OORLOG DER KINDEREN

Iedere ochtend word ik met een beklemd gevoel in mijn buik wakker. Zodra ik mijn ogen open doe en de laatste droombeelden vervagen, word ik wakker in een realiteit die ik nog nooit voor mogelijk heb gehouden. Ik denk aan de vele vrienden en families die ik in Gaza ken, en vraag me af hoe het ze vergaat. Of ze nog leven. Of ze nog eten of water hebben. Of ze het licht nog kunnen zien in de eindeloze duisternis die momenteel plaatsvind. Ik denk aan onze Palestijnse vriendin die in Portugal woont, maar van wie de rest van de familie in Gaza woont. ‘Ik kan niets meer voelen; geen verdriet, geen woede, geen vreugde,’ zegt ze. Een andere vriendin vertelde me: ‘Ik heb geen woorden, noch emoties meer die dit kunnen bevatten of weergeven.’

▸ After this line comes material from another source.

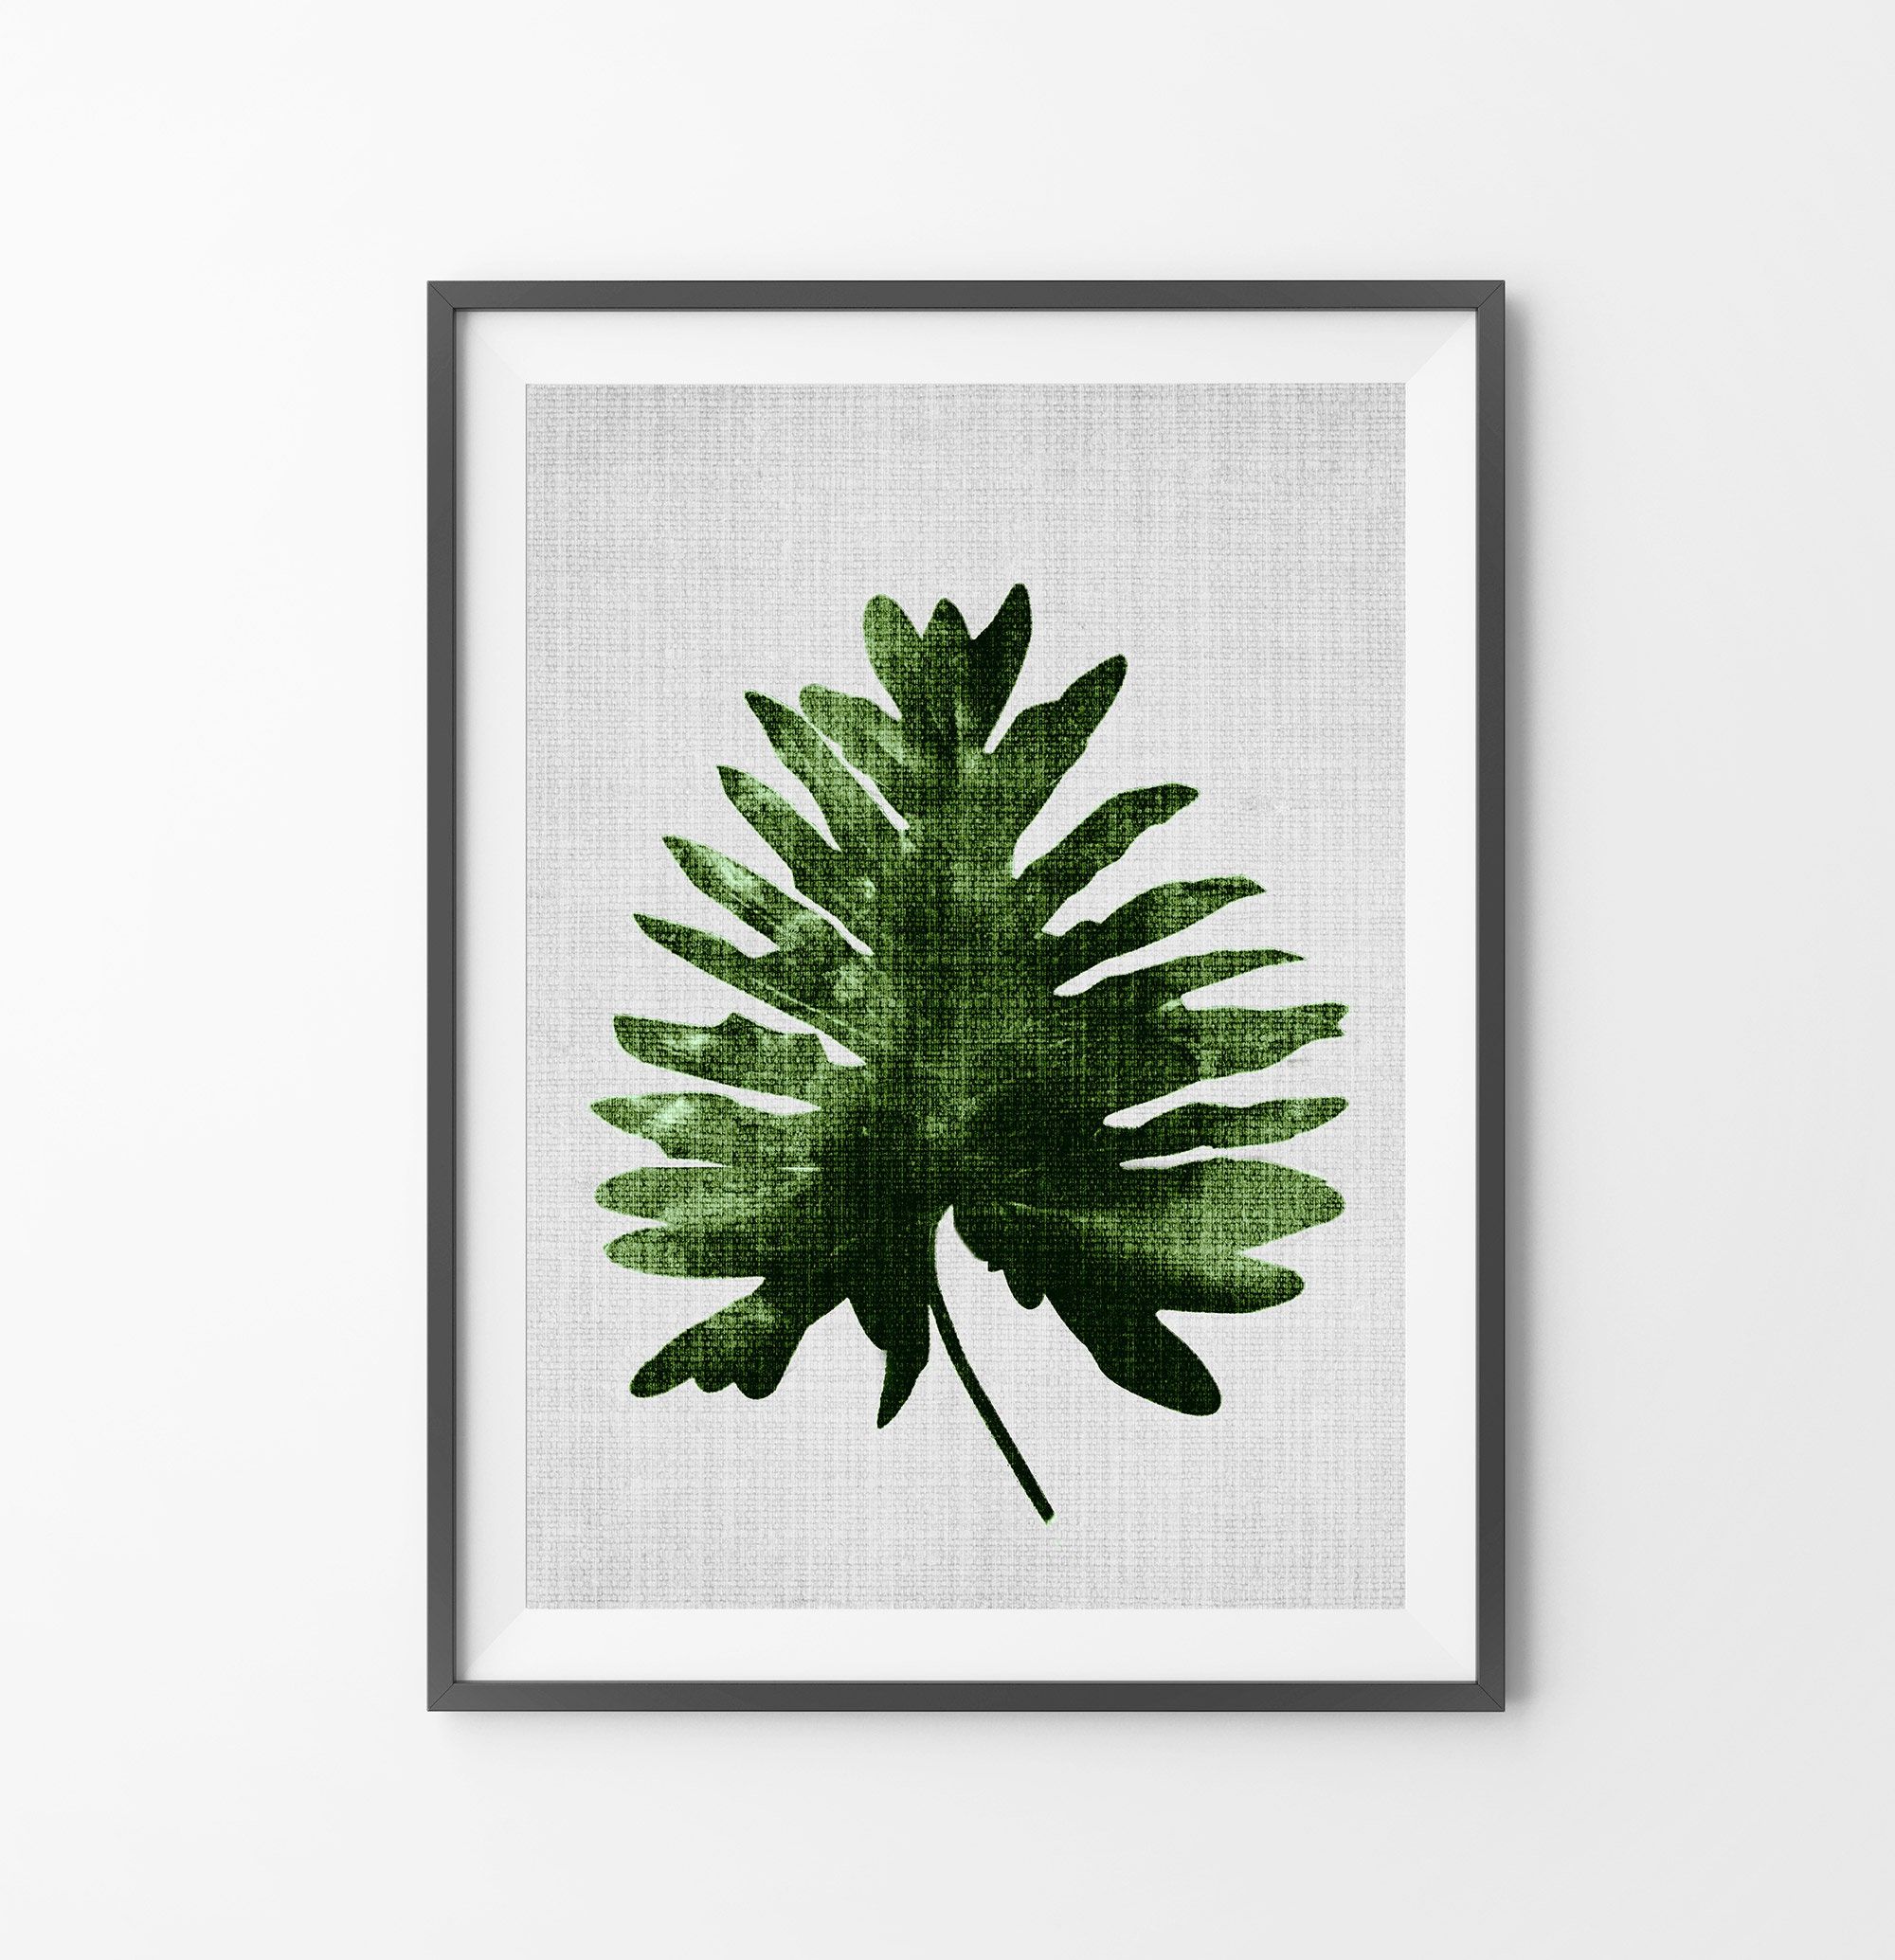 Palm Leaf Print, Botanical Wall Art Decor, Digital Pertaining To Best And Newest Palm Leaves Wall Art (View 11 of 20)
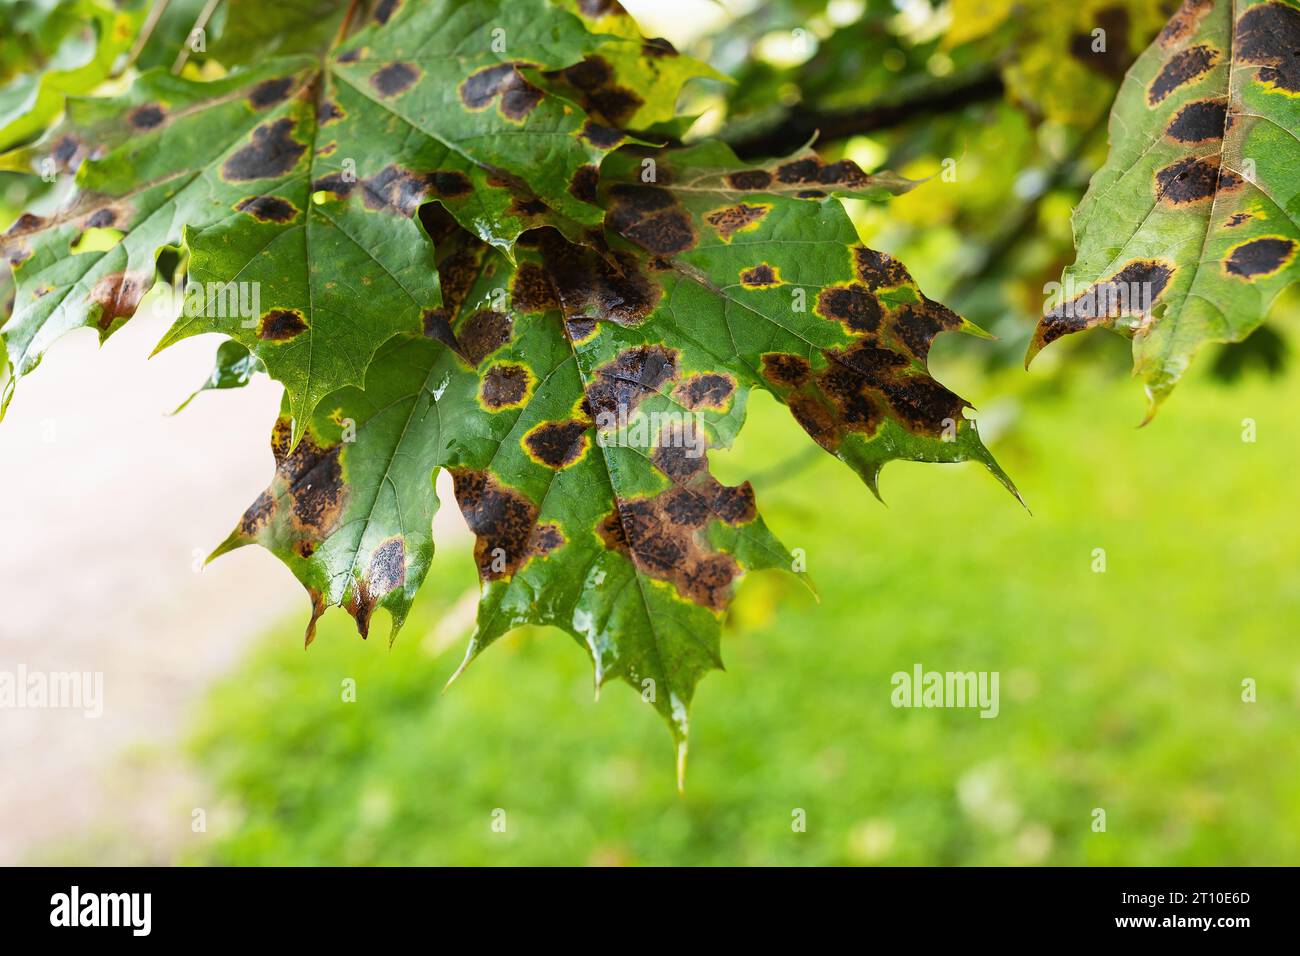 A fungal disease on maple leaves in the form of dark spots caused by the pathogen Rhytisma Acerinum Stock Photo

Vannacht lag ik wakker en het voelde alsof ik geen adem meer kreeg. Anne werd wakker en vroeg of het wel ging. Zodra ze een hand op mijn borst legde begon ik te proesten, te kuchen en te huilen, alsof er dikke lagen beton en stof bovenop me lagen. Ik worstelde me vanuit de donkere krochten omhoog naar meer licht en lucht. Ik kon me voorstellen – heel fysiek – hoe het is als mensen onder het beton begraven liggen. Ik liet de pijn toe, dit keer zonder weerstand of veroordeling. Ze was wat ze was. Ik kon er naar kijken zonder er nog mee in strijd te gaan.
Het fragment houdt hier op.